И наши вкусы здесь ни при чем, как и продукты, которые мы потребляем. Не сразу сварился тот советский язык, на котором выговаривает свои произведения Алешковский, но заварен он был враз, гораздо стремительней, чем теперь может показаться. Первая мировая и гражданская перемешали классы, народы и более мелкие социальные слои, прослойки и прослоечки (многие из которых в прежней жизни могли не иметь ни одного прямого контакта) до такой степени, что разделить их обратно не удалось бы и при самом благоприятном обороте истории. Этот мутный поток нового языка родился раньше, чем устоялись новые структуры власти.
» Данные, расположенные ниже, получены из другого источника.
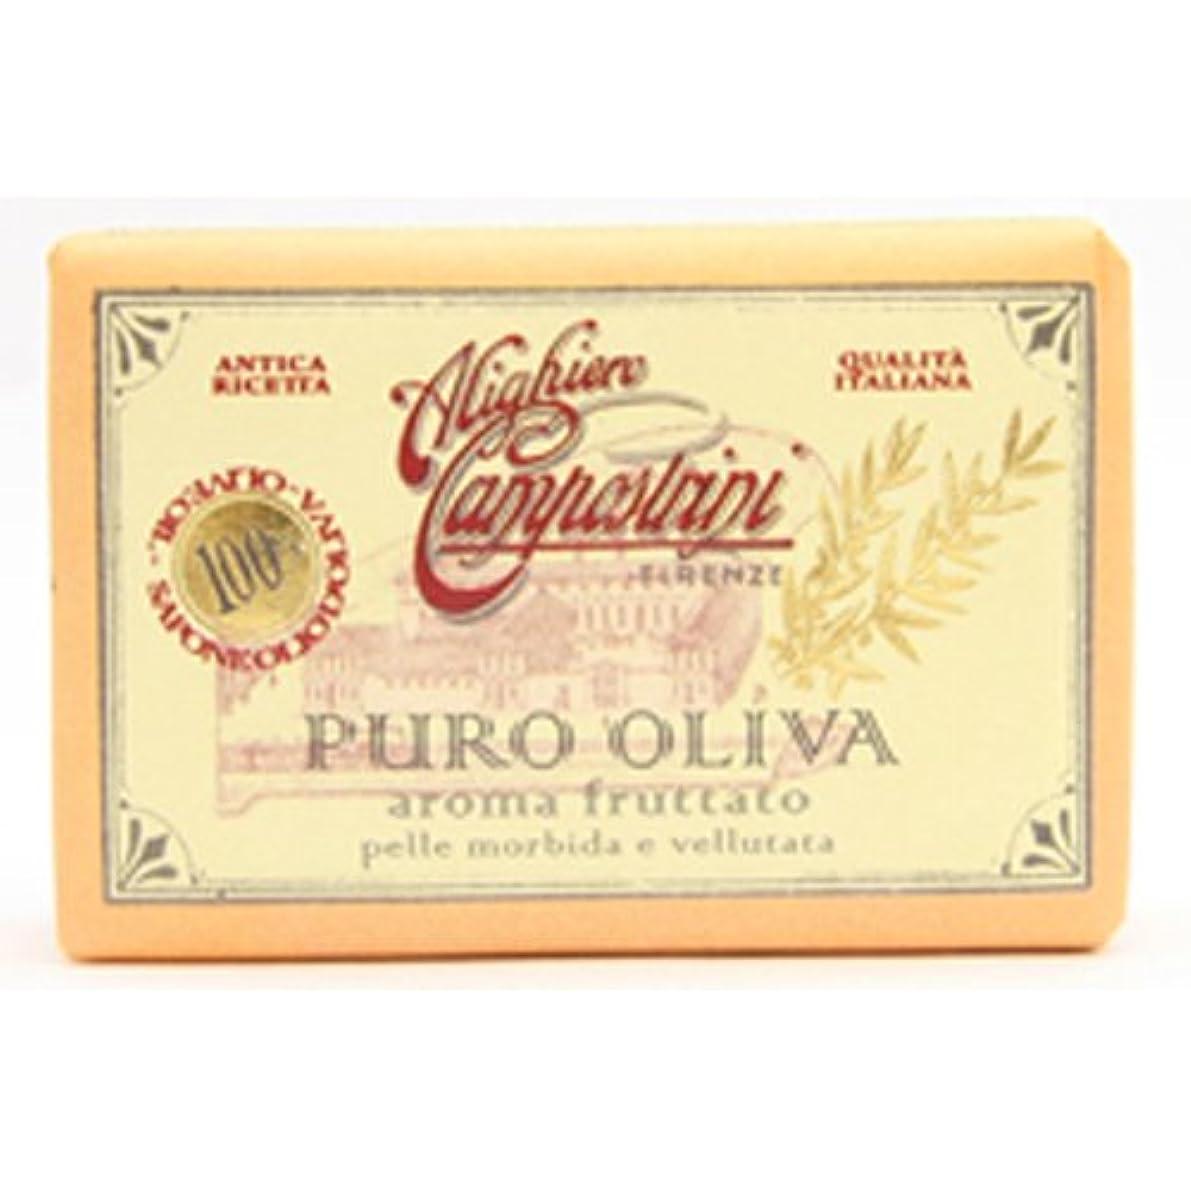 海峡私の裁判官Saponerire Fissi サポネリーフィッシー PURO OLIVA Soap オリーブオイル ピュロ ソープ Aroma fruttato フルーツ(オレンジ)

Эти новые структуры, в свою очередь, смешали язык революционной пропаганды с имперским канцелярским языком, и это новое наречие органически влилось в общий чан языка. Этот социальный воляпюк ревпропаганды, окопов и подворотен веселил молодых писателей 20-х годов, помнивших язык изначальный. «Рассказы Синебрюхова» Мих. Зощенки (1921) писаны еще окопным сказом, а уже в 23-м он начинает писать рассказы языком совбыта. И если у Зощенки доминирует речь его героев, то у Леонида Добычина уже в 24-м эта новая речь становится чисто авторской, НЭП сообщает этой речи живое движение. Попытка сделать этот новый дикий живой язык и языком литературы продолжается до тех пор, пока ее не прекращает сверху уже сложившаяся сталинская диктатура. Именно она разлучила живой язык и литературу, разослав их по разным этапам, тем самым прекратив литературу. Далее следует уже история языка, не отраженная литературой.
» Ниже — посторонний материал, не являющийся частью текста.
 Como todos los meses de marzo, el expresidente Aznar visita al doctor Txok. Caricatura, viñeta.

История геноцида русского языка еще не написана. Она проклевывается лишь в форме редких сетований о его состоянии. Пока что складывается история геноцида людей, причем тоже в обратном порядке: партийцев, советской интеллигенции, крестьянства, дворянства, духовенства, то есть классов, то есть собственно интеллигенции, затем малых народов и наций… подбираемся к большему: к геноциду культуры, к геноциду окружающей среды, человека как такового, то есть к геноциду самой его природы, то есть самой природы, то есть Творения. О, если бы можно было ухлопать сразу самого Бога! – не потребовался бы столь хлопотливый и трудоемкий путь.
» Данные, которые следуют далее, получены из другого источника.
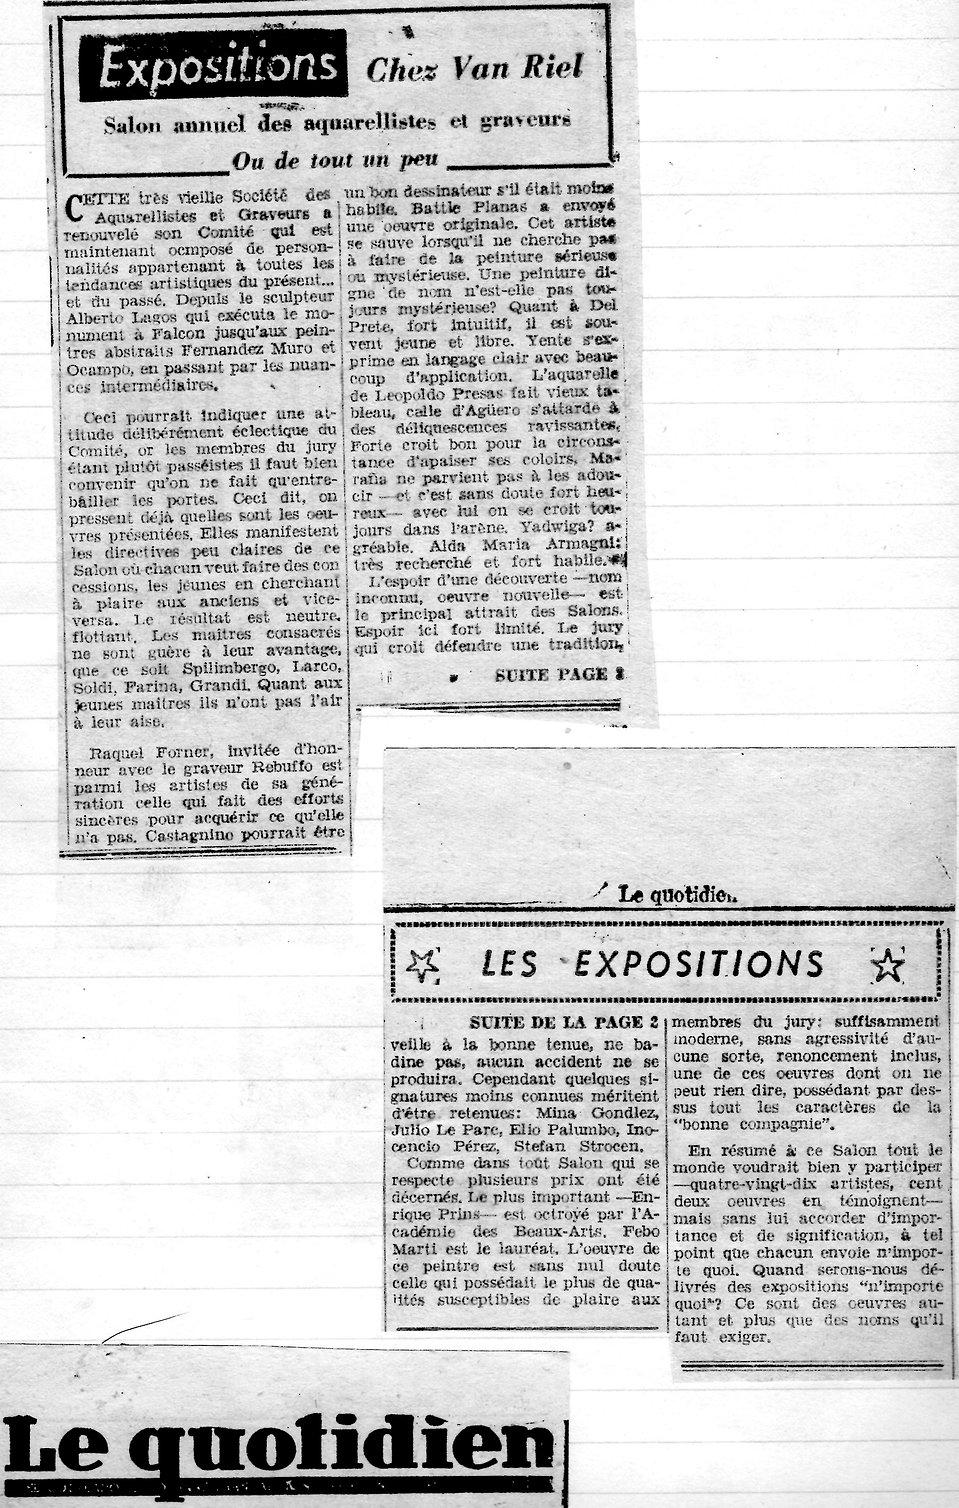 Le Quotidien -Chez Van Riel, Salon Annue

Мы пишем нынче эту всеобщую историю геноцида и не можем ее охватить – тома сыпятся из наших дырявых рук. Мы не замечаем, что она уже написана, эта история, – это наш язык, наша речь, мы сами, каждый из нас. То, что с ним и с нами, со мной и с тобой стало. Сказано: стиль – это человек. История геноцида языка могла бы быть написана конкретно, научно. Этакий ГУЛАГ для слов. Язык как ГУЛАГ. Для начала как история партийных постановлений и установок. Потом – как вымирание словаря. Потом – как заселение его разного рода выдвиженцами, под- и переселенцами. Потом – как порабощенной речи. Периодическая борьба за его чистоту – история чисток. Потом – как история восстаний и подавлений языка. При всей гибкости и безответности никто не был таким героем, как наш язык. Никто так не выстоял. Язык рассмеялся. И нет у тирании страшнее врага. Срок за длинный язык и анекдоты – частное тому доказательство.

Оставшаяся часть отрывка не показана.